§ **Try it**: Print each record exactly, with no word added or removed.
□ □ □ □ □
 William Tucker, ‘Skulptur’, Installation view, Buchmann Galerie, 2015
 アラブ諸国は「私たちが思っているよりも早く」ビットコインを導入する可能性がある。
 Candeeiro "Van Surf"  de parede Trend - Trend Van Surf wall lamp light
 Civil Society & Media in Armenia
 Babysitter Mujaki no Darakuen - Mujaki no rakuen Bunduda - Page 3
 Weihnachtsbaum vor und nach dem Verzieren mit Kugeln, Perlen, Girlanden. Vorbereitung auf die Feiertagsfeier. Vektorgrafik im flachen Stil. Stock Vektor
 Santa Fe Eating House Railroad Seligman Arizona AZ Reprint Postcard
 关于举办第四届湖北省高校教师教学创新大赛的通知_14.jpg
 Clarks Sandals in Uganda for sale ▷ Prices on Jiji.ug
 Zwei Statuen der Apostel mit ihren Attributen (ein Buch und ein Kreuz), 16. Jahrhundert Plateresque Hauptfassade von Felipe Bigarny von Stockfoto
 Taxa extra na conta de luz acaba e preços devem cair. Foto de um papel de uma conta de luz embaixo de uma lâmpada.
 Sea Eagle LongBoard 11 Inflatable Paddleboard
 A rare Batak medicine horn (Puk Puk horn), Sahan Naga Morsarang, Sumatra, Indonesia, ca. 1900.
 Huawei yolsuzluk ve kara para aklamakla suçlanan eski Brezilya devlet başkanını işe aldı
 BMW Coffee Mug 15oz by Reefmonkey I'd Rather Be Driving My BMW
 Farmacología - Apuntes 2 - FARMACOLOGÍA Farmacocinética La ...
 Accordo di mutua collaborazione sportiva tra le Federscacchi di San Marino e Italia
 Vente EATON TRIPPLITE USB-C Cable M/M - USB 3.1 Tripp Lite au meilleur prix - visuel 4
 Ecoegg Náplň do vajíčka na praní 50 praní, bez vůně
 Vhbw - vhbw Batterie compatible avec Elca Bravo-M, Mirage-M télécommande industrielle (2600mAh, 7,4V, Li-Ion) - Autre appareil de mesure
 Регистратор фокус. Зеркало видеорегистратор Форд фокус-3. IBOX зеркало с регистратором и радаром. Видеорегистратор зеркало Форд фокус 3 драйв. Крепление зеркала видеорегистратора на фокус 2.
□ □ □ □ □
§ **Result for this task**:
 William Tucker, ‘Skulptur’, Installation view, Buchmann Galerie, 2015
 アラブ諸国は「私たちが思っているよりも早く」ビットコインを導入する可能性がある。
 Candeeiro "Van Surf"  de parede Trend - Trend Van Surf wall lamp light
 Civil Society & Media in Armenia
 Babysitter Mujaki no Darakuen - Mujaki no rakuen Bunduda - Page 3
 Weihnachtsbaum vor und nach dem Verzieren mit Kugeln, Perlen, Girlanden. Vorbereitung auf die Feiertagsfeier. Vektorgrafik im flachen Stil. Stock Vektor
 Santa Fe Eating House Railroad Seligman Arizona AZ Reprint Postcard
 关于举办第四届湖北省高校教师教学创新大赛的通知_14.jpg
 Clarks Sandals in Uganda for sale ▷ Prices on Jiji.ug
 Zwei Statuen der Apostel mit ihren Attributen (ein Buch und ein Kreuz), 16. Jahrhundert Plateresque Hauptfassade von Felipe Bigarny von Stockfoto
 Taxa extra na conta de luz acaba e preços devem cair. Foto de um papel de uma conta de luz embaixo de uma lâmpada.
 Sea Eagle LongBoard 11 Inflatable Paddleboard
 A rare Batak medicine horn (Puk Puk horn), Sahan Naga Morsarang, Sumatra, Indonesia, ca. 1900.
 Huawei yolsuzluk ve kara para aklamakla suçlanan eski Brezilya devlet başkanını işe aldı
 BMW Coffee Mug 15oz by Reefmonkey I'd Rather Be Driving My BMW
 Farmacología - Apuntes 2 - FARMACOLOGÍA Farmacocinética La ...
 Accordo di mutua collaborazione sportiva tra le Federscacchi di San Marino e Italia
 Vente EATON TRIPPLITE USB-C Cable M/M - USB 3.1 Tripp Lite au meilleur prix - visuel 4
 Ecoegg Náplň do vajíčka na praní 50 praní, bez vůně
 Vhbw - vhbw Batterie compatible avec Elca Bravo-M, Mirage-M télécommande industrielle (2600mAh, 7,4V, Li-Ion) - Autre appareil de mesure
 Регистратор фокус. Зеркало видеорегистратор Форд фокус-3. IBOX зеркало с регистратором и радаром. Видеорегистратор зеркало Форд фокус 3 драйв. Крепление зеркала видеорегистратора на фокус 2.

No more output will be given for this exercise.